_DATA SEGMENT_

- - - - -

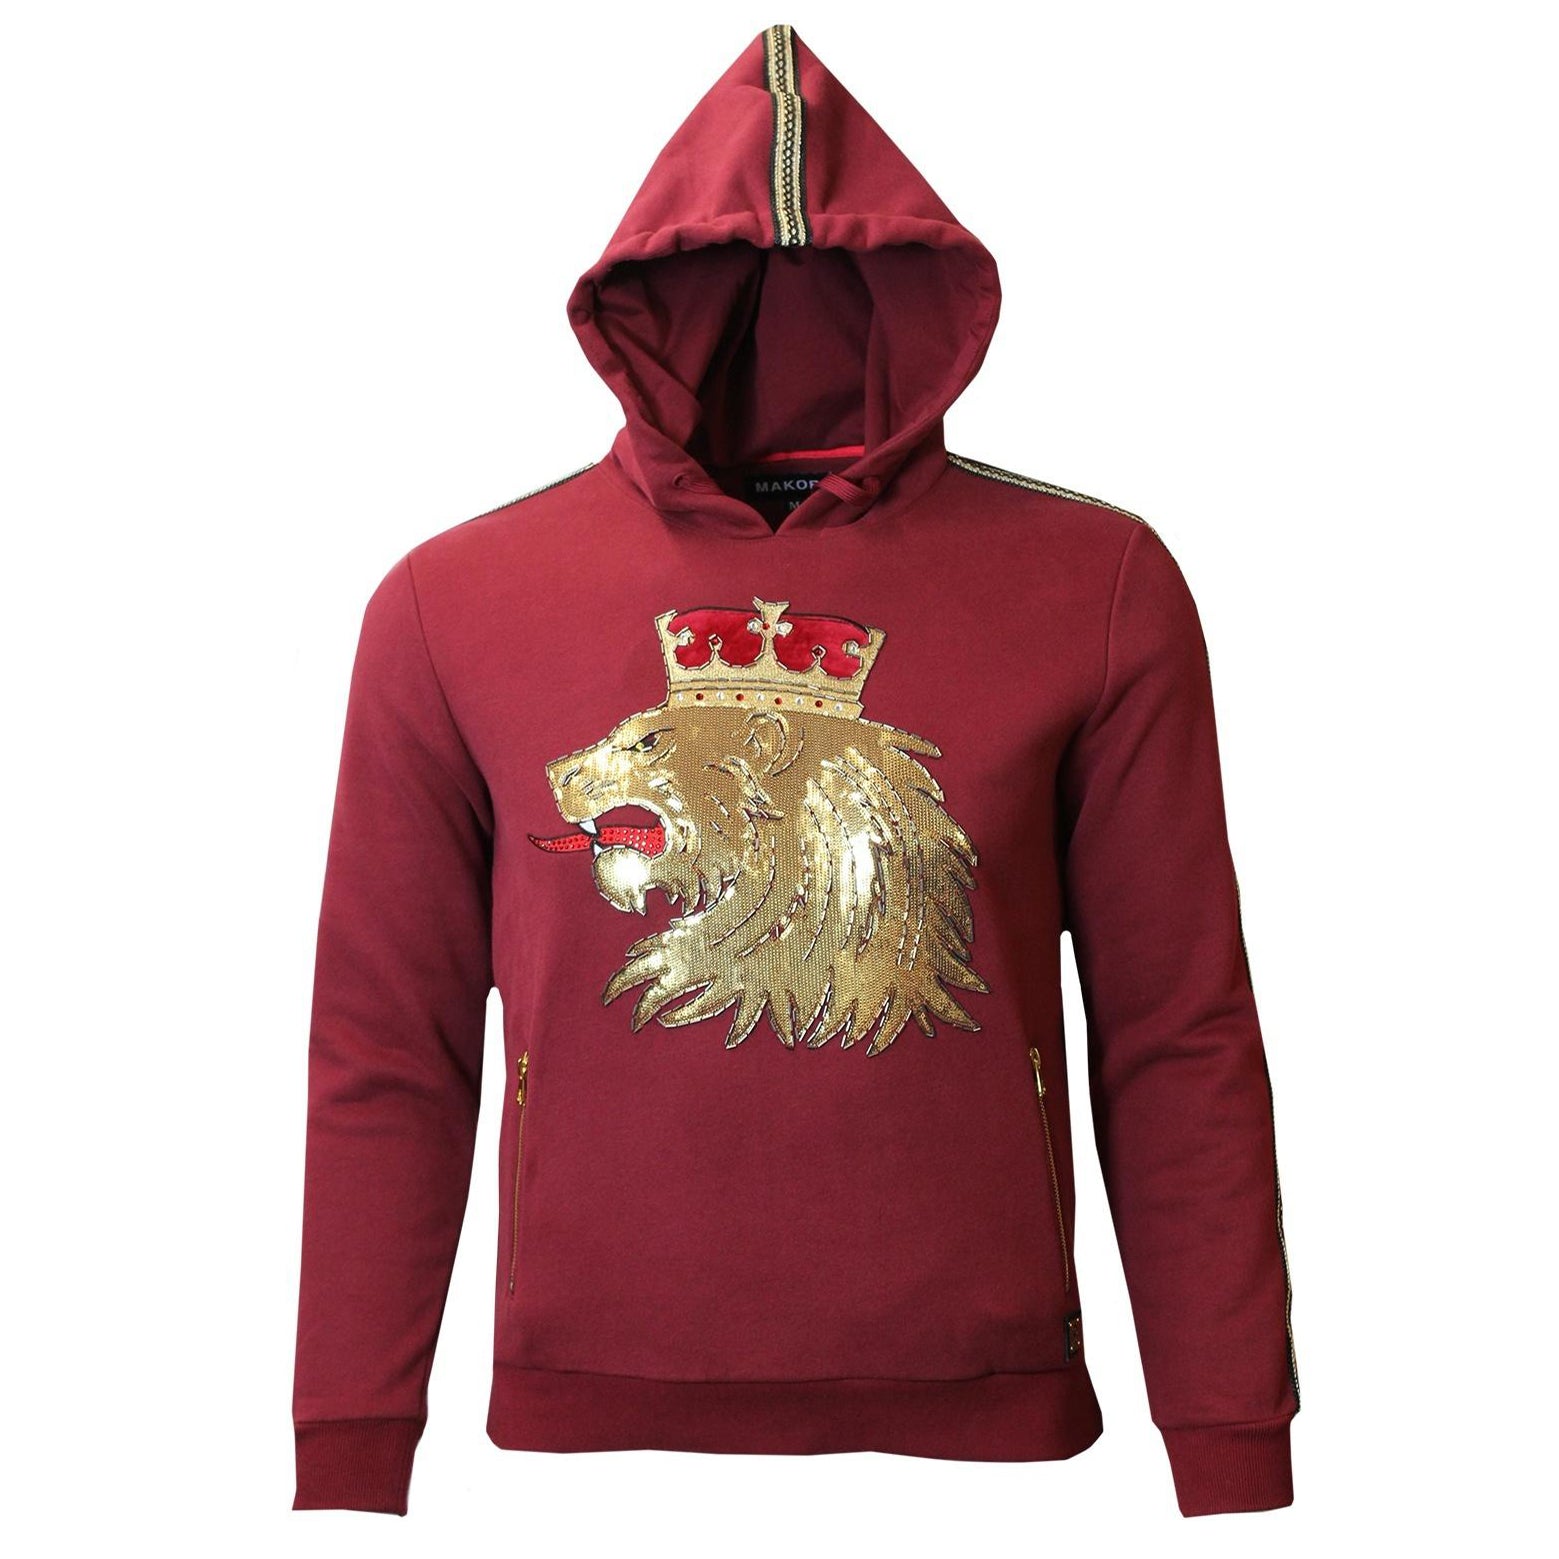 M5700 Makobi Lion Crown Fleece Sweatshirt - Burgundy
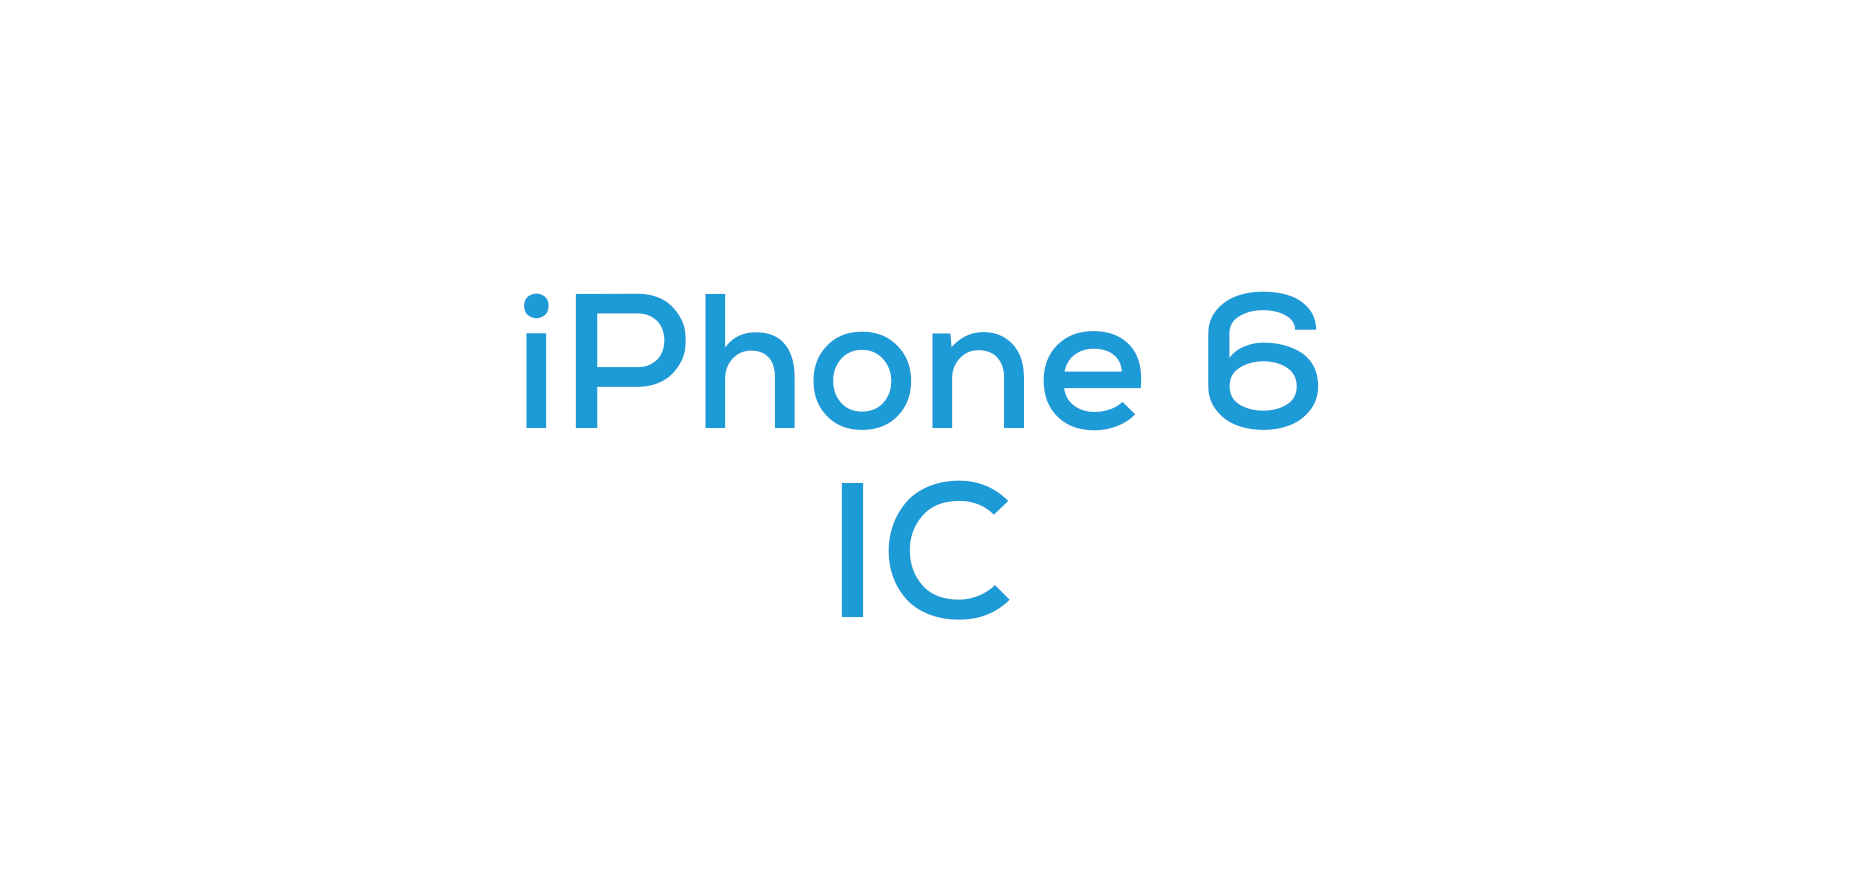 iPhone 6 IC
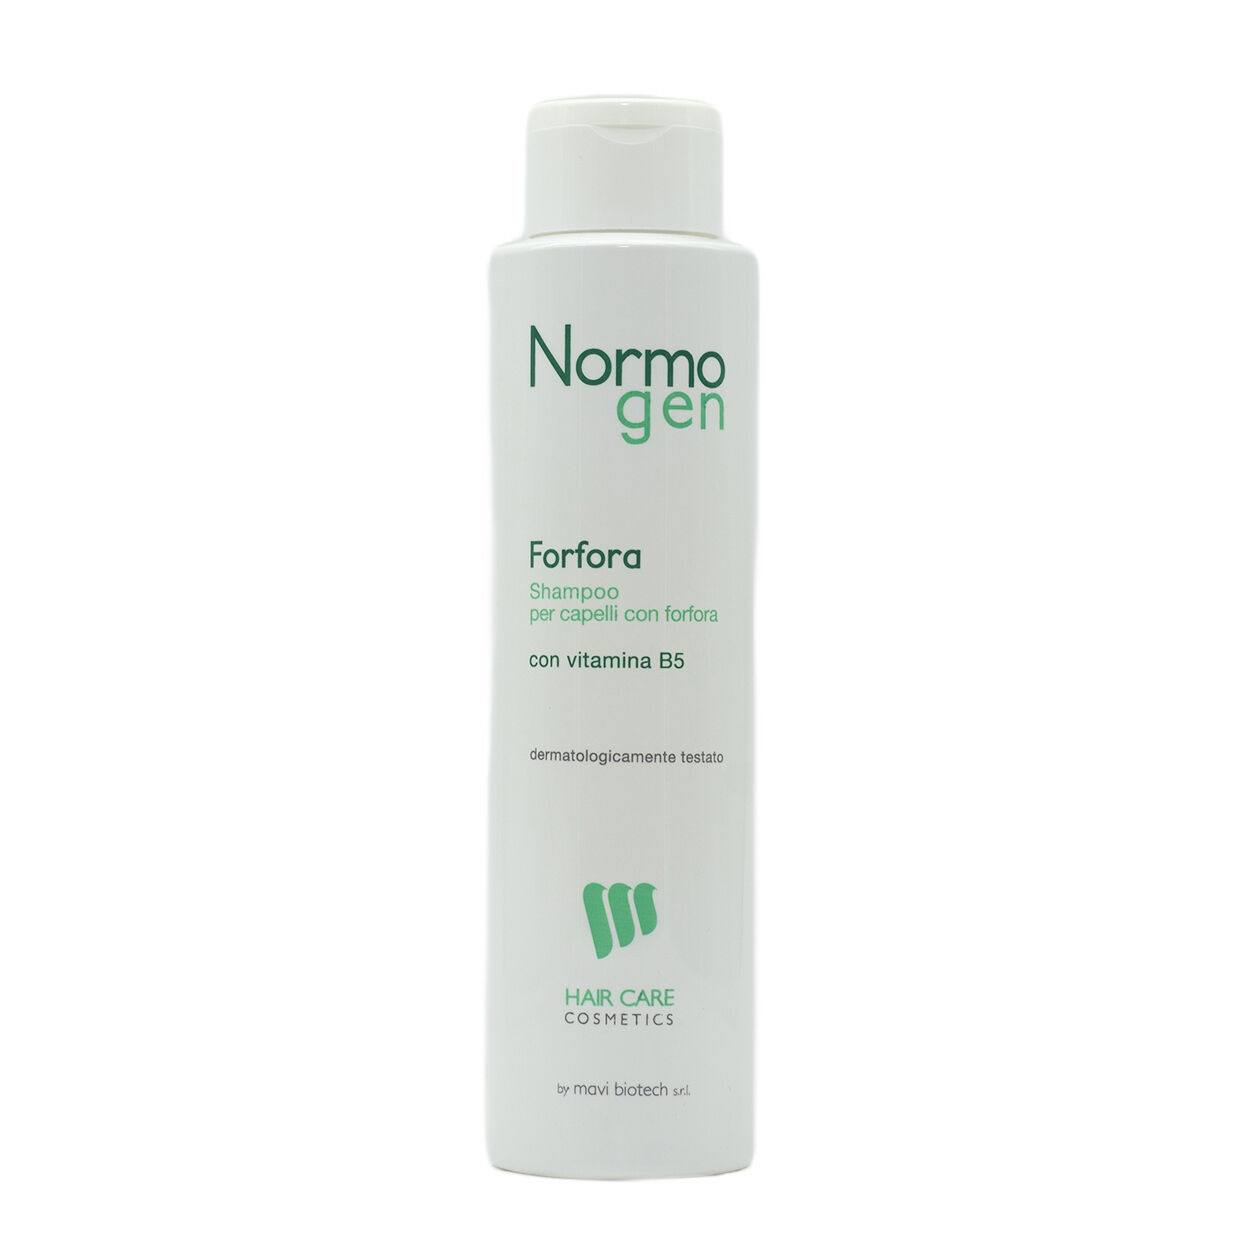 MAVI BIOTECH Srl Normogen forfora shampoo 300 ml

- - - - -

_WORK ORDER_
Set aside the pictures. Then return every line of the material above verbatim.

_TASK RESPONSE_
 M5700 Makobi Lion Crown Fleece Sweatshirt - Burgundy
 iPhone 6 IC
 MAVI BIOTECH Srl Normogen forfora shampoo 300 ml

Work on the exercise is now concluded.